PlayDude is an independent London based brand run by designer and illustrator, Mike McCabe. It creates limited editions of toy figures, accessories and apparel with a loyal following of online fans. PlayDude often collaborates on projects with major brands like Vans shoes to create exhibitions, projects and accompanying projects. Due to the short turnaround times involved in many of their creations, they often require the means to create short runs of products, reliably, with a tight deadline.

Playdude used the FormBox to create the packaging for a short run of designer toy figures made in collaboration with London based skate company Blast Skates and Vans shoe company.

“Even gaining access to an industrial vacuum former was harder than expected, so being able to produce everything ourselves from our studio with just a vacuum cleaner made the project extremely straight-forward.” - Mike McCabe

The Challenge

PlayDude aimed to create a limited edition of 50 toy figures. They wanted these figures to look as close to a mass manufactured product as possible. This meant blister packing the finished figures. However, due to the number of figures they were intending to produce, packaging factories would not want to do the work and quotes they were receiving were prohibitively expensive. The challenge was to make a short run of factory level packaging on time, within budget and that would adhere to their high standards of products.

“We looked into having a factory produce the blister packaging, but finding somewhere that would take on such a small run of only 100 pieces was basically impossible and the setup costs were very expensive.” - Mike McCabe


By using the FormBox to create both the prototypes for the packaging and the final run, PlayDude were able to significantly reduce their lead times, costs and number of prototypes.

They implemented a 3D printer to FormBox workflow, using an Ultimaker 3 to create a master pattern that could then be vacuum formed in the FormBox. This enabled them to quickly test for positioning, fit and removability.  It also enable PlayDude to get physical prototypes into their hands for inspection extremely quickly, rather than waiting for slow deliveries, massively reducing their product development time.

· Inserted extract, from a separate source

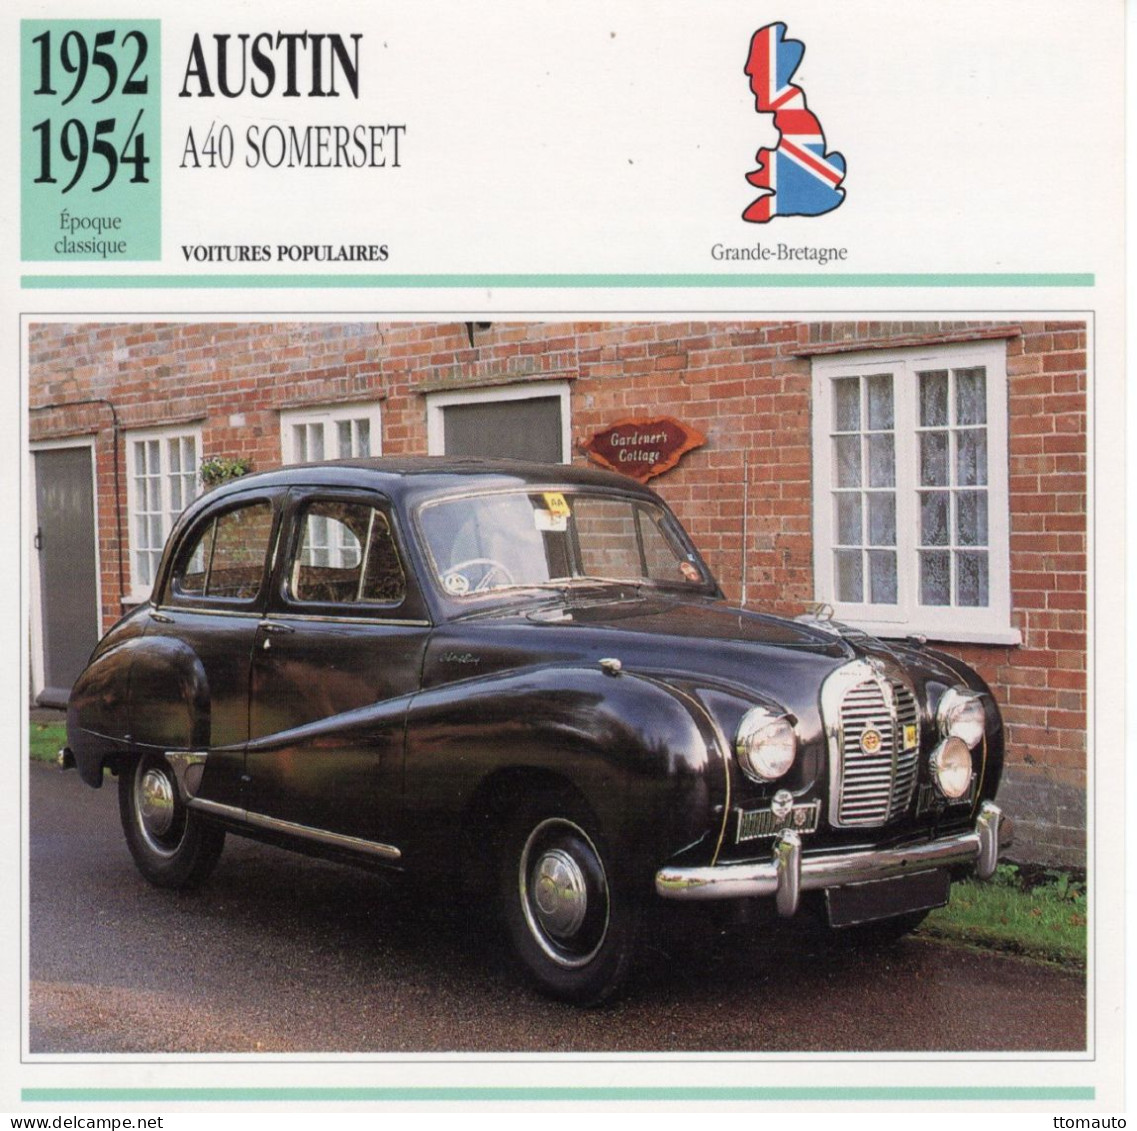 Austin A40 Somerset -  1953  - Voiture Populaire -  Fiche Technique Automobile (GB) - Coches

After a few more iterations of 3D print + vacuum form cycle, they perfected the final form of the required shape. A high definition master 3D print was created, the inner void of which was filled with Mayku pour, a pro-grade plaster that ships with the FormBox. The plaster, once set, makes for a solid core, enabling the 3D printed plastic part to be vacuum formed multiple times over in quick succession without deforming. This inexpensive and rapidly created tooling can be kept for re-use at a later date.

PlayDude then set up a pop-up desktop production line in their studio and vacuum formed 50 factory grade packaging pieces. Once the pieces were formed, they were cut, the toys were placed snugly inside, all of the pieces were assembled into their final form and a short run of 50 products were made in less than a day.

Cost Comparison

Mayku FormBox

  • Set up cost - £599
  • Part cost - £1
  • Prototyping time - 18 Hours of 3D Printing
  • Production time - 1 day

External Vendor

  • Set up cost - £2500
  • Part cost - £3
  • Prototyping time - 2-3 weeks
  • Production time - 1 week


Tangible, single prototypes on the day

Using the FormBox, PlayDude were able to go from CAD to accurate physical prototype in just one day, enabling to quickly analyse where modifications were needed and make the necessary adjustments.

Significant time savings

By bringing prototyping and production in-house, there was no time wasted waiting for prototypes to arrive, fitting into an external suppliers schedule or trying to explain modifications over the phone.

Massively reduced costs

The quotes PlayDude were receiving from the factory were an impediment to making the project happen. Purchasing a FormBox was just 20% of the setup cost of going to an external supplier and the final part costs were 60% cheaper.